Maka meskipun di ayat 1 disebutkan bahwa anfal atau harta rampasan perang itu untuk Allah dan RasulNya, di ayat 41-nya dijelaskan bahwa ghanimah yang juga berarti rampasan perang itu ternyata hanya 1/5-nya yang untuk Allah, Rasul, kerabat Rasul, anak-anak yatim, orang-orang miskin dan ibnusabil . Sedangkan mayoritasnya (4/5 bagian) untuk seluruh pasukan yang ikut berperang.
“Ketahuilah, sesungguhnya apa saja yang dapat kamu peroleh sebagai rampasan perang, maka sesungguhnya seperlima untuk Allah, Rasul, kerabat Rasul, anak-anak yatim, orang-orang miskin dan ibnusabil, jika kamu beriman kepada Allah dan kepada apa yang Kami turunkan kepada hamba Kami (Muhammad) di hari Furqaan, yaitu di hari bertemunya dua pasukan. Dan Allah Maha Kuasa atas segala sesuatu.” (QS 8:41).
Dari penggunaan kata (anfal dan ghanimah) , jarak penempatan (ayat 1 dan ayat 41) serta kata-kata dalam kalimat yang digunakan di dua ayat tersebut saja sudah begitu banyak pelajaran yang bisa kita petik.

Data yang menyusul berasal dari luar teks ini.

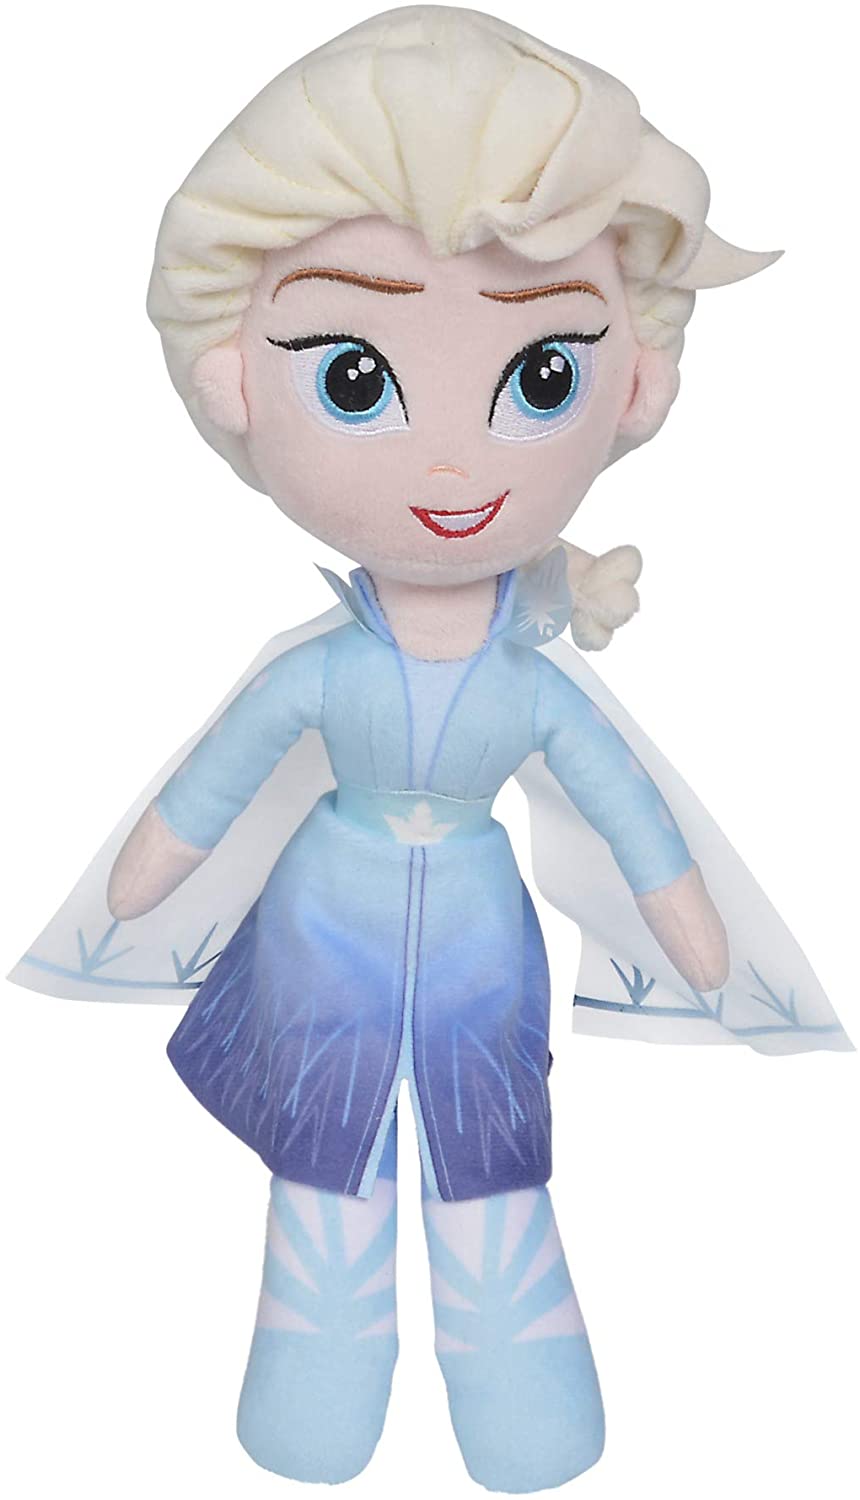 Disney - Elsa-Plüschtier im Friends-Stil - 25 cm 6315877640

Antara lain bahwa dalam setiap pekerjaan besar apapun yang kita lakukan, baik itu kerja sosial maupun kerja komersial – kita membutuhkan team yang bener-bener mau bekerja dulu dengan tulus – bukan team yang dari awal sudah menuntut bagiannya masing-masing. Team yang dengan rela mau melaksanakan kewajiban dahulu sebelum menuntut hak.

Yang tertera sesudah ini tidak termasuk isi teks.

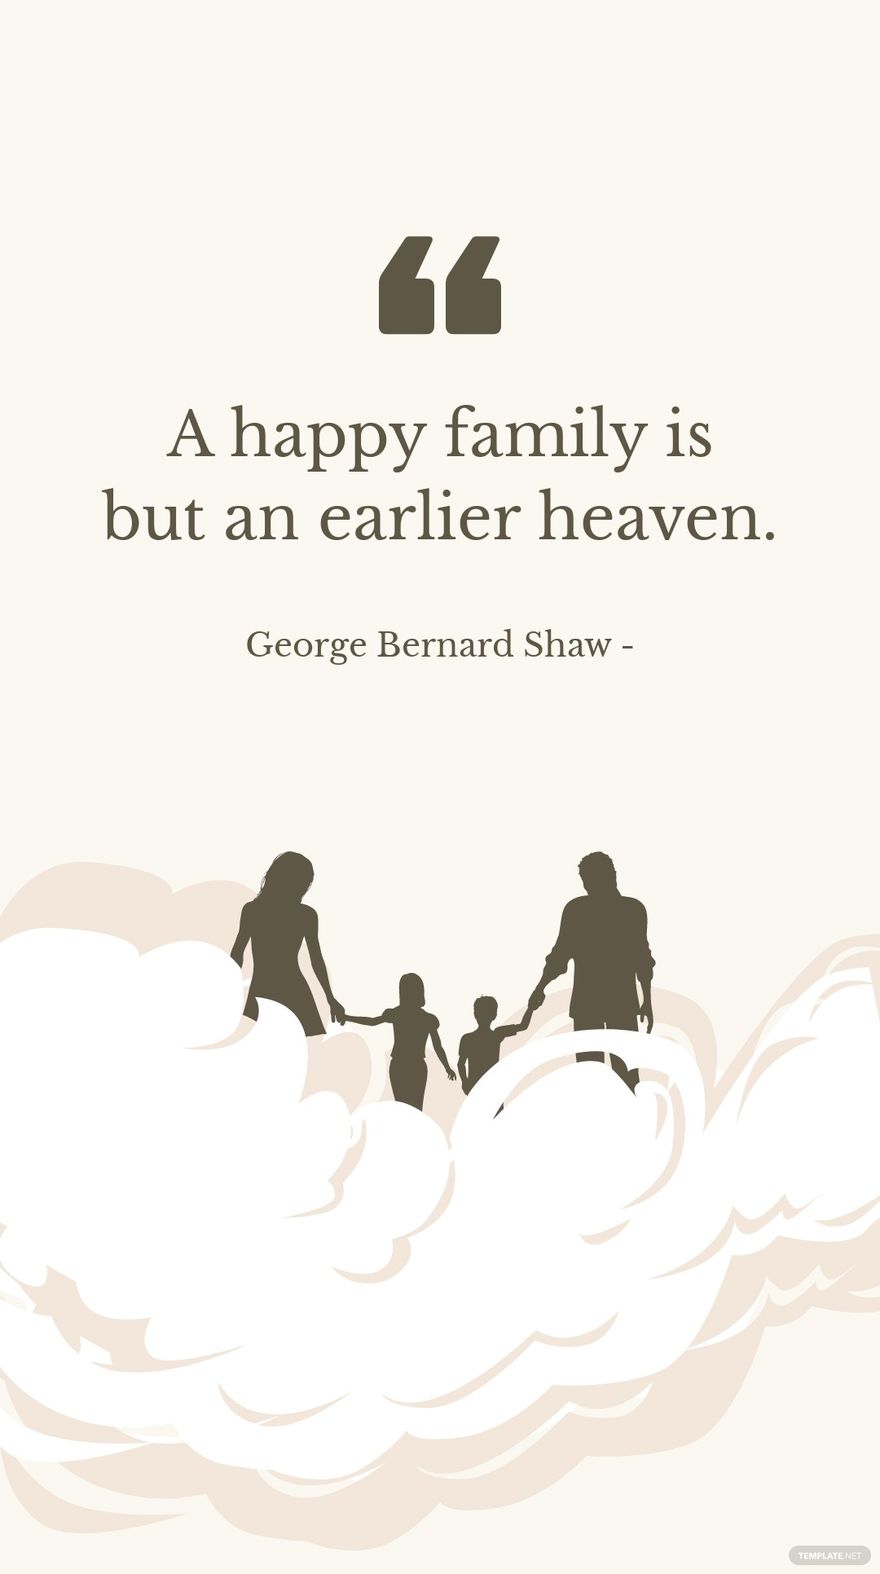 Free George Bernard Shaw - A happy family is but an earlier heaven. in JPG

Kita juga melihat begitu banyak contoh kegagalan apabila yang terjadi adalah sebaliknya. Perang Uhud yang terjadi hanya selang 1 tahun setelah perang Badar, pasukan Islam kalah. Penyebabnya tidak lain adalah karena ada sebagian pasukan yang meninggalkan kewajibannya – sebelum tuntas – sudah keburu mengejar hak ghanimah-nya.
Dengan mudah kita dapat melihat contoh yang sama di negeri ini, umat Islam tidak kunjung meraih kemenangan dalam bidang-bidang kehidupan karena keburu menuntuk hak sebelum melaksanakan kewajiban. Dalam dunia politik misalnya, kepada kita dipertontonkan betapa para politikus berebut kursi dan jabatan dengan begitu gigihnya – padahal belum jelas kemampuan mereka dalam mengemban kewajibannya kelak bila bener-bener diberi kesempatan.

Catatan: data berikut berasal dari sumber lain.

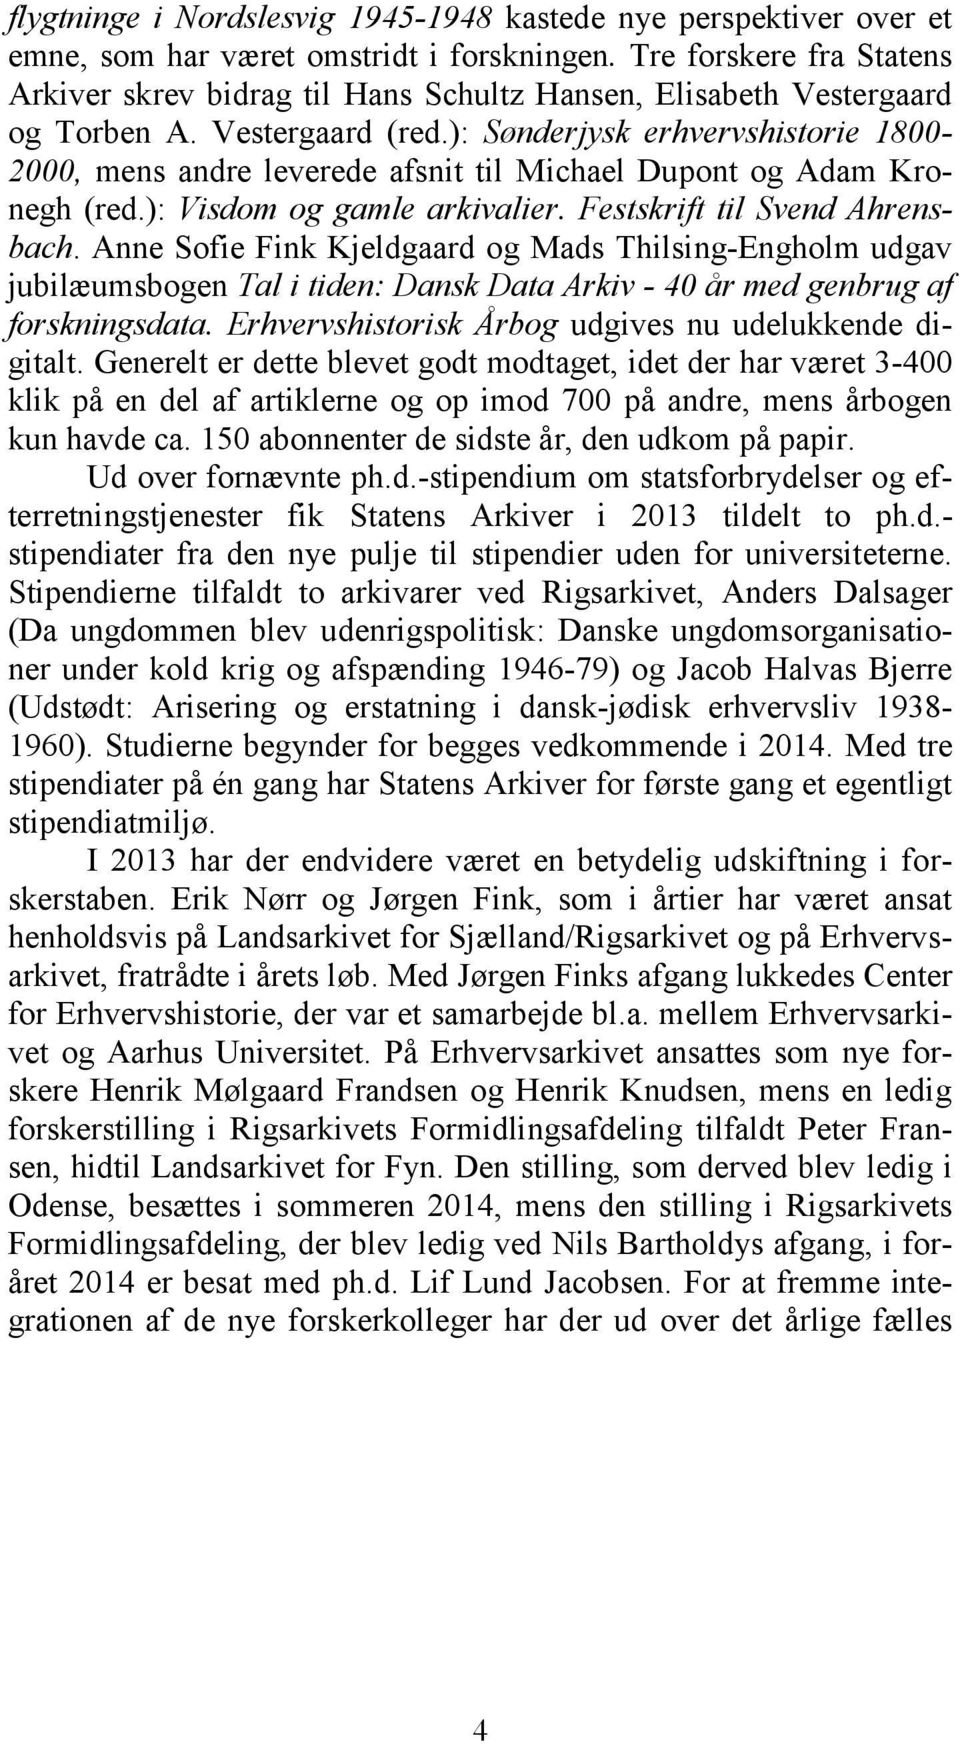 ): Sønderjysk erhvervshistorie 1800-2000, mens andre leverede afsnit til Michael Dupont og Adam Kronegh (red.): Visdom og gamle arkivalier. Festskrift til Svend Ahrensbach.

Bila diaplikasikan penekanan pelaksanaan kewajiban sebelum menuntut hak ini dalam dunia usaha bisa menghadirkan peluang keunggulan tersendiri, yaitu manakala para produsen berusaha membuat produk atau layanan sebaik mungkin yang dibutuhkan oleh konsumennya, nanti ketika konsumen bener-bener sudah merasakan keunggulan produk atau layanan tersebut – pastilah mereka bersedia membayar lebih untuk itu.
Maka seperti inilah di Al-Qur’an kita bisa mengambil pelajaran dari setiap langkah-langkah yang menghadirkan kemenangan, maupun langkah-langkah yang menyebabkan kekalahan – di medan apapun peperangan kita. InsyaAllah.